Retype the listing below line for line, but only from the line with "Commission Vice President" down to the line with "Kiss Me Enchanted Lip Balm by The Love Witch", inclusive. Pictures stay out.

___ Data for analysis

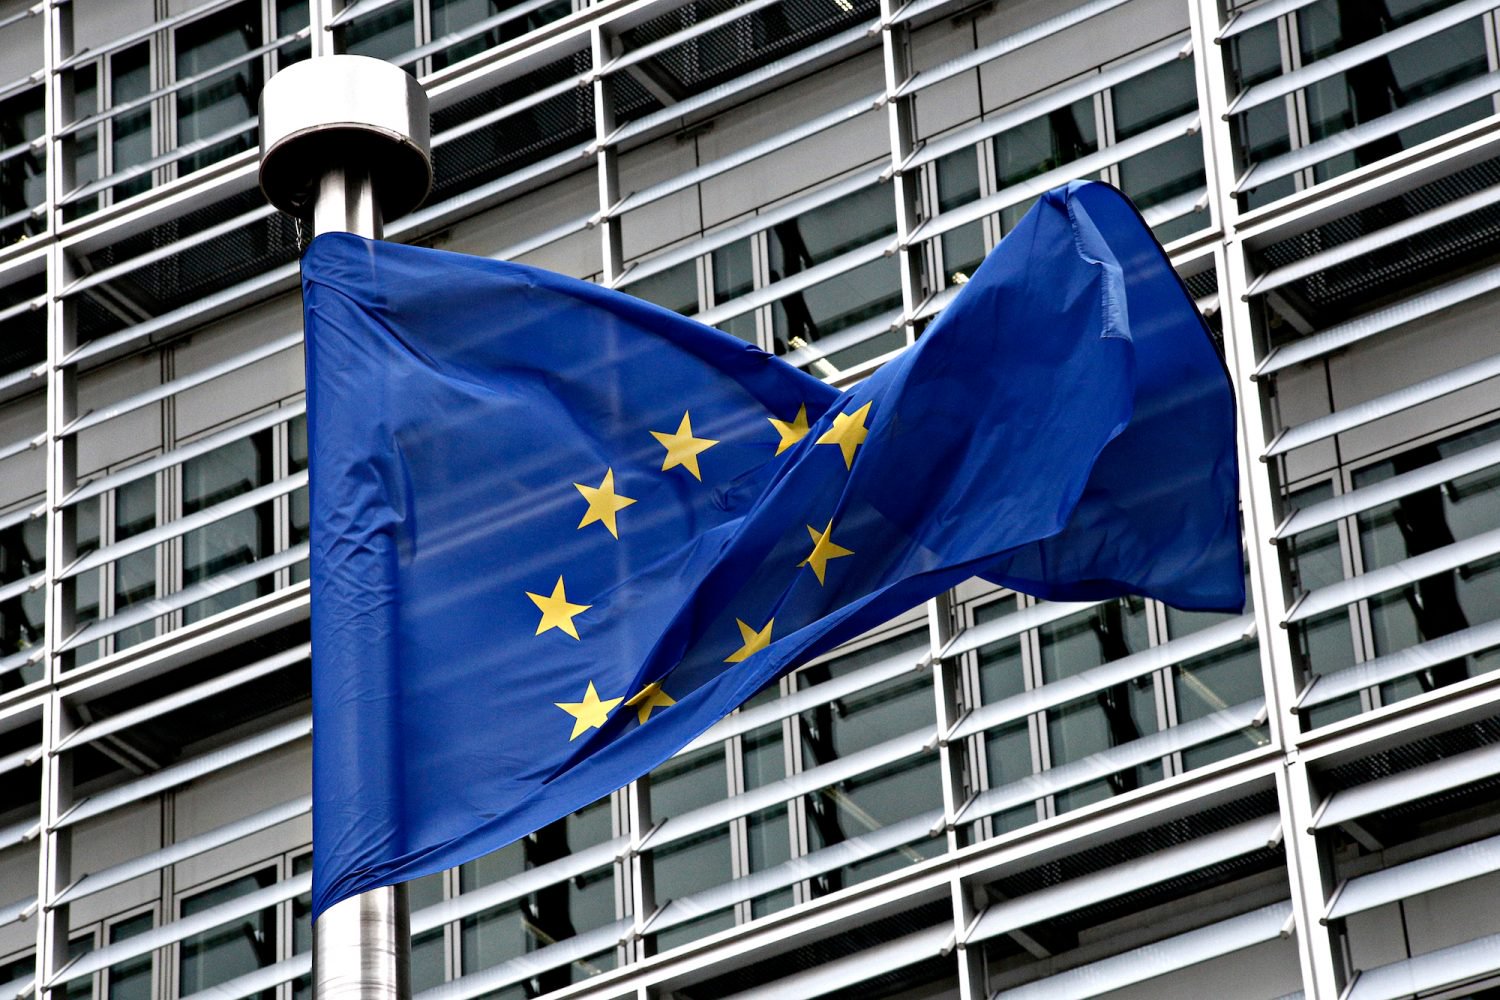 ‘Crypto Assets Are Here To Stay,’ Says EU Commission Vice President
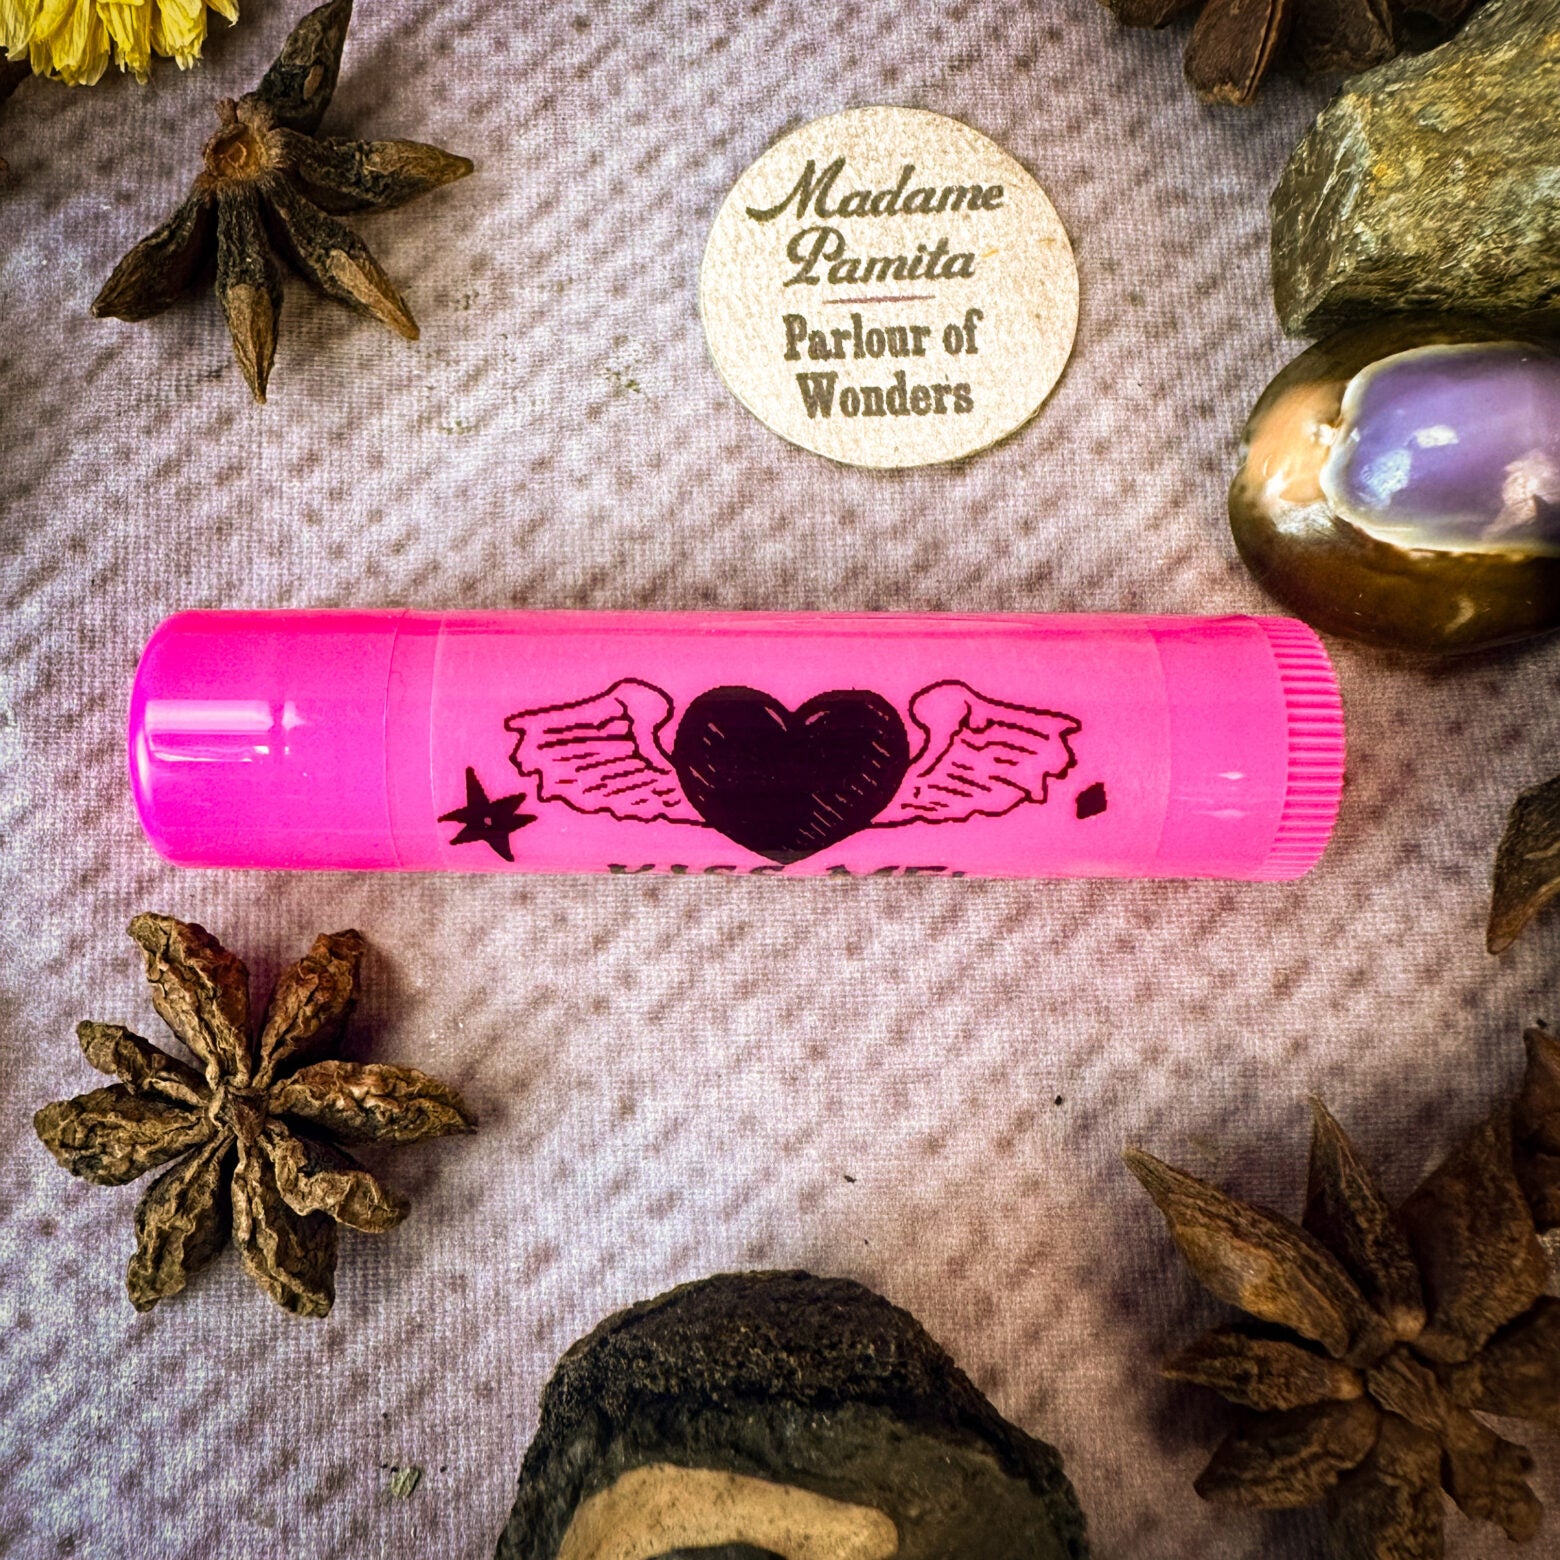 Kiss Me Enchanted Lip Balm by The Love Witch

______
___ Data for analysis

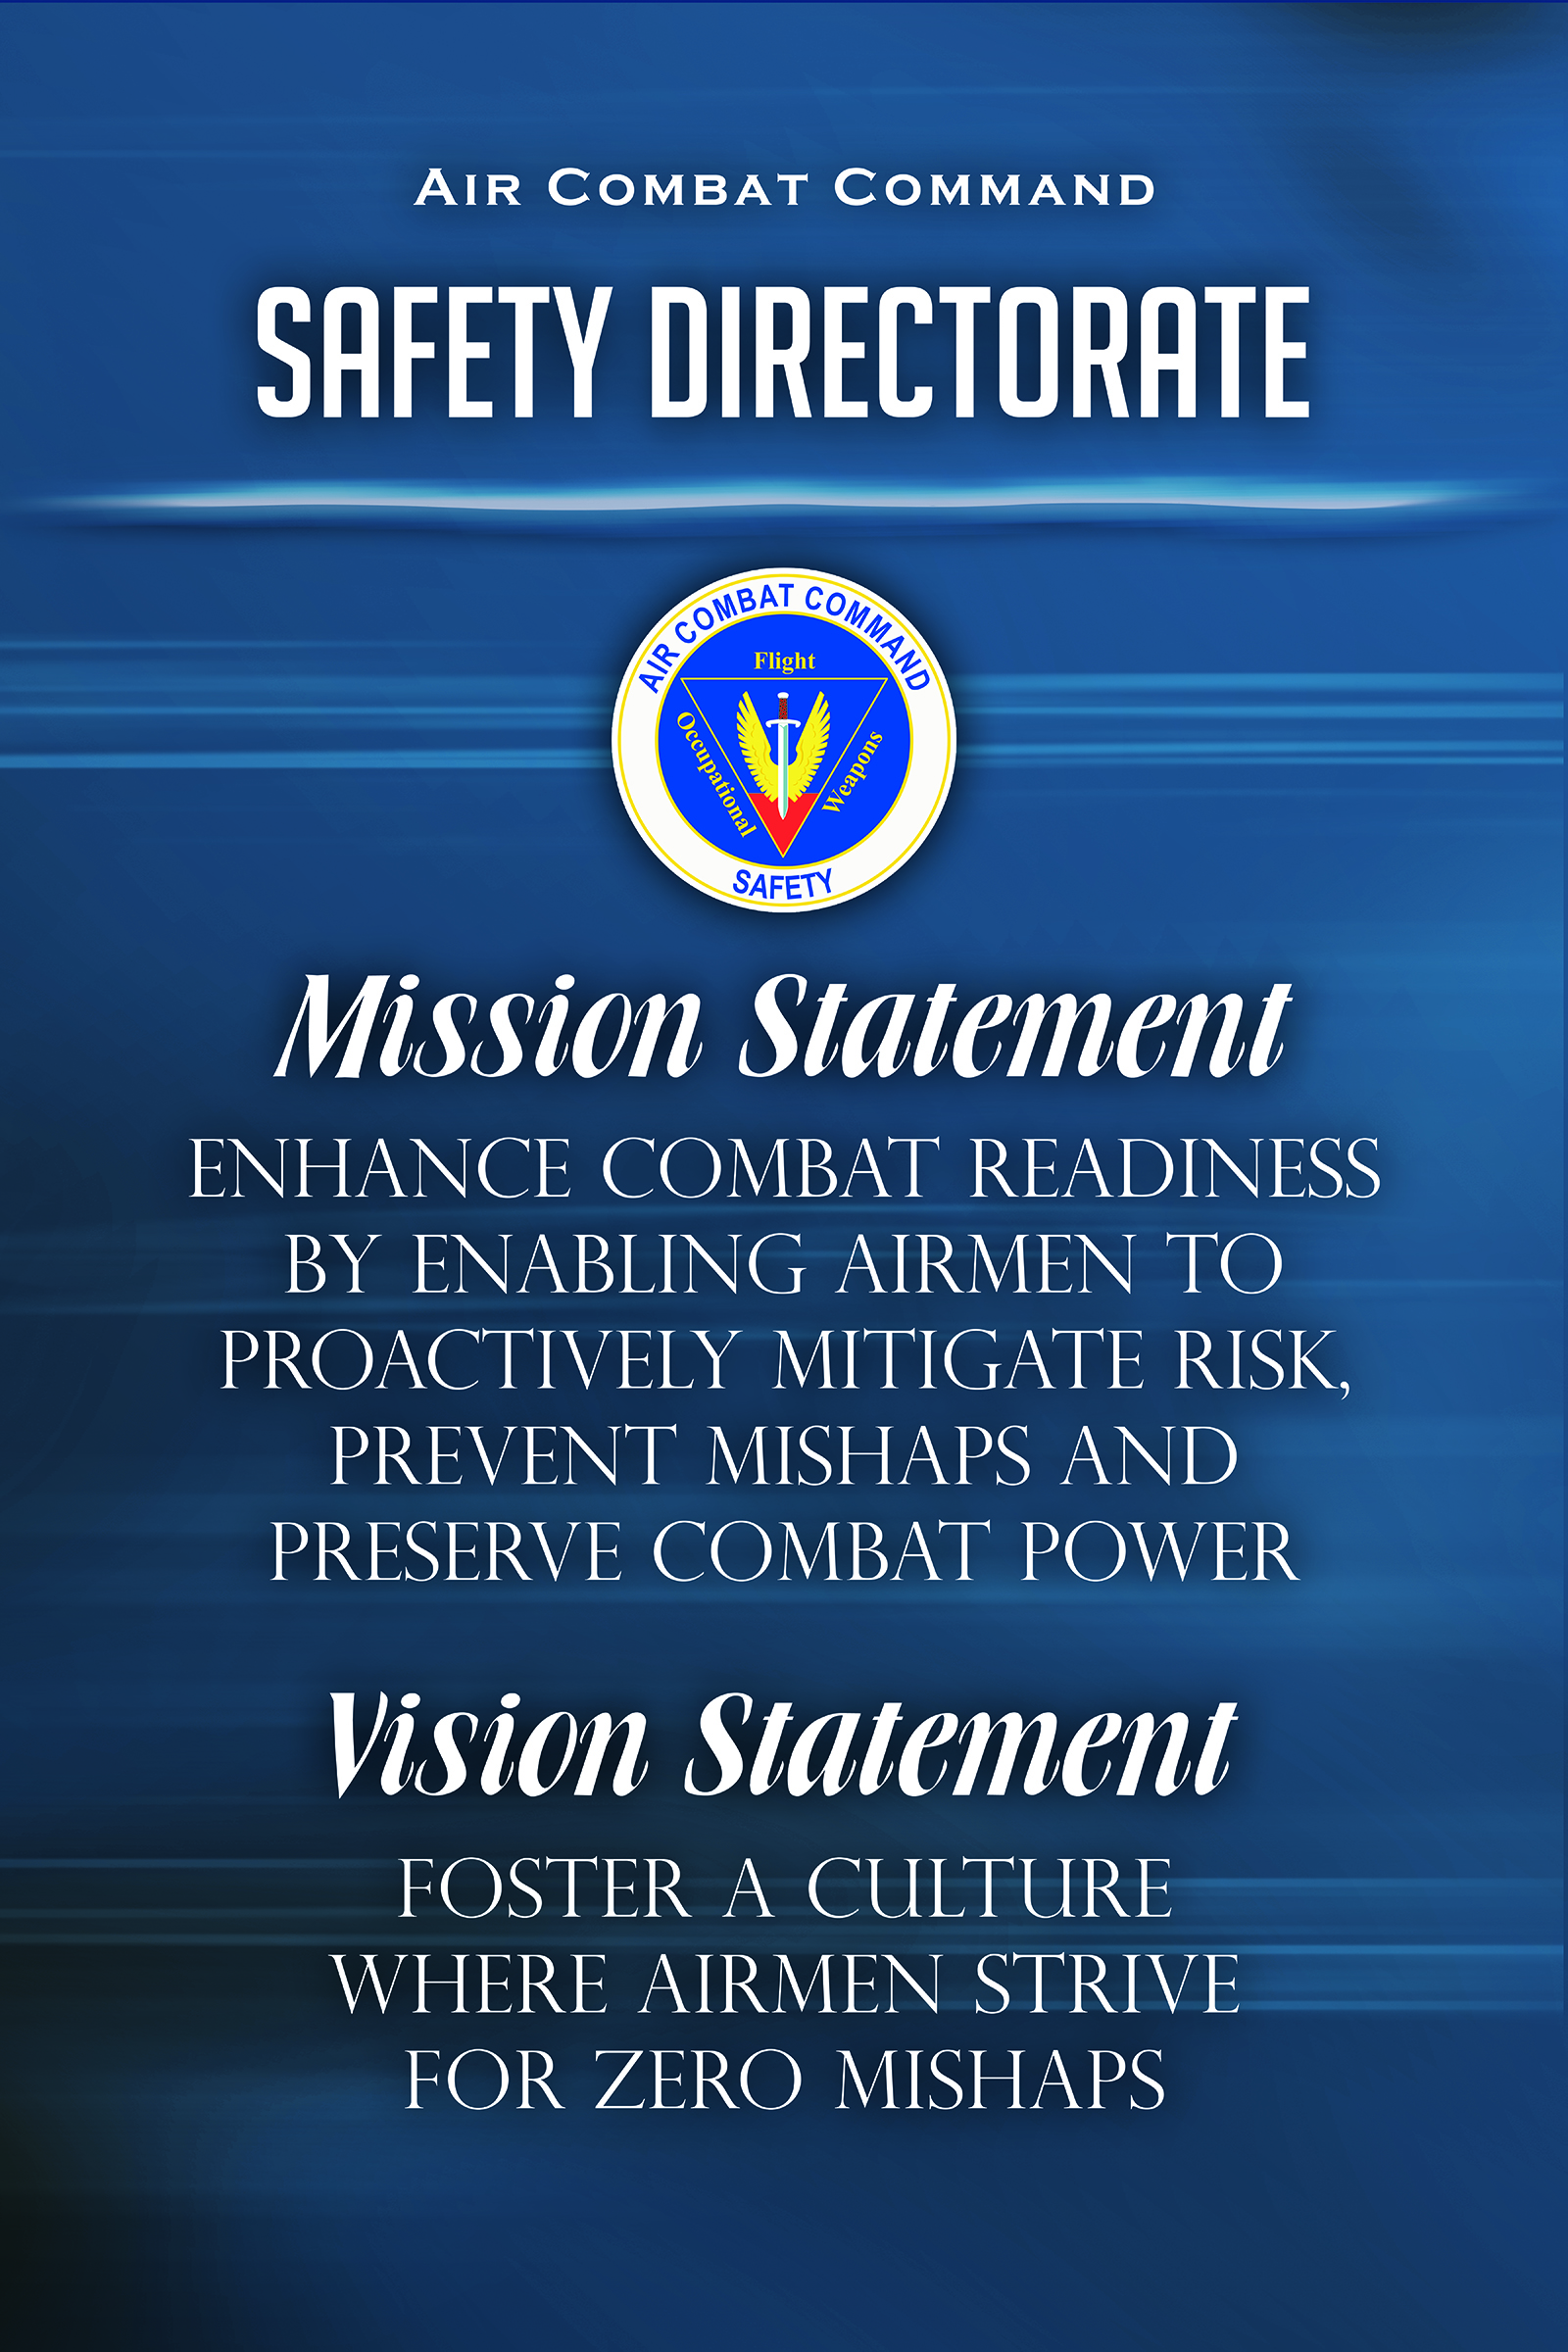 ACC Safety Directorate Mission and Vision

______

# [Task output]
 ‘Crypto Assets Are Here To Stay,’ Says EU Commission Vice President
 Kiss Me Enchanted Lip Balm by The Love Witch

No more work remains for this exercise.